3. Pembinaan yang dilakukan di RUTAN Kelas IIB Tanjung Pura meliputi, pembinaan kerohanian, pembinaan kesehatan jasmani, dan pembinaan budi pekerti. Namun, dalam prosesnya terhadap hambatan-hambatan dalam upaya pembinaan. Hambatan tersebut dapat dilihat dari faktor pendidikan narapidana dan faktor sifat serta kepribadian Narapidana.

Dalam hal ini juga hambatan-hambatan dapat dilihat dari faktor eksternal yang berupa dana, kekurangan tenaga pembina, sarana dan prasarana yang kurang memadai. Sehingga dapat ditarik kesimpulan, jika dilihat dari faktor tolak ukur keefektifan dari pembinaan Narapidana di RUTAN maka dapat dikatakan kurang efektif. Karena masih menggabungkan antara Narapidana dan tahanan, serta lebih banyak hambatan yang didapatkan daripada upaya pembinaan yang dilakukan.

5.2 Saran

1. Melalui penelitian yang dilakukan di RUTAN Kelas IIB Tanjung Pura, alangkah baiknya apabila tahan sementara dan Narapidana tidak digabungkan sesuai dengan peraturan perundang-undangan. Hal ini dilakukan agar para petugas pembina dapat melakukan pembinaan terhadap Narapidana dengan baik dan secara efektif menurut undang-undang. Dikarenakan dalam peraturan perundang-undangan tidak ada diberikannya pembinaan terhadap tahanan sementara di RUTAN.

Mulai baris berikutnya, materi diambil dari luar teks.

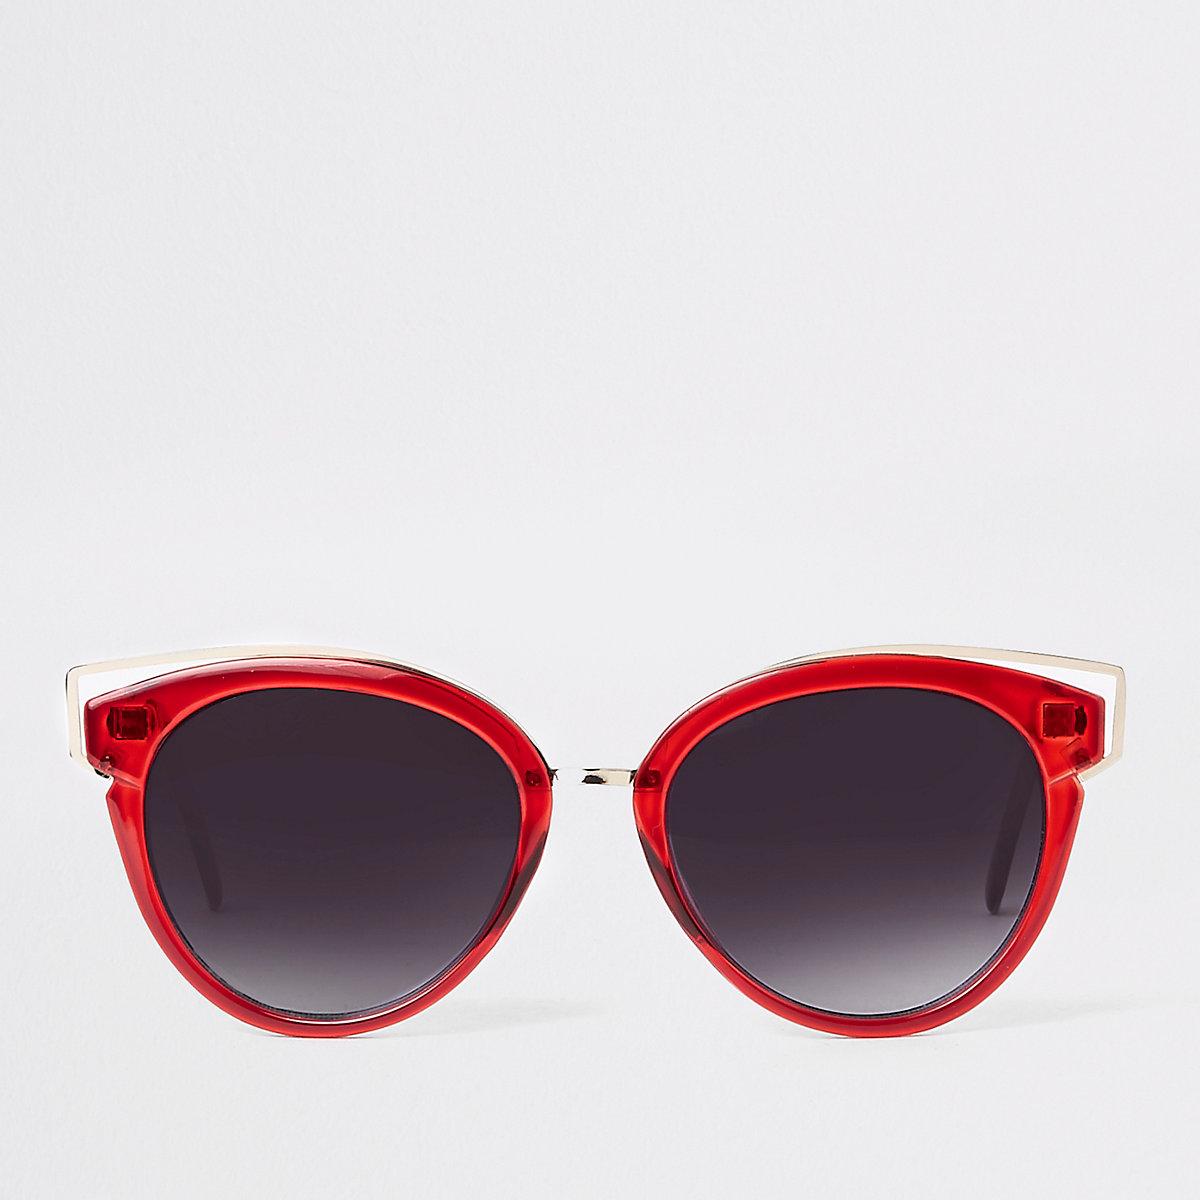 Red smoke lens cat eye sunglasses

2. Menurut penjelasan yang penulis lakukan terhadap penelitian ini, bahwa pembinaan yang ada di RUTAN memiliki beberapa hambatan. Salah satunya dilihat dari faktor eksternal, yaitu berupa kurangnya dana pembinaan, tenaga pembina, serta sarana dan prasarana. Sehingga, alangkah baiknya apabila hambatan-hambatan yang ada dapat dipenuhi kebutuhannya agar pembinaan dapat berjalan dengan baik.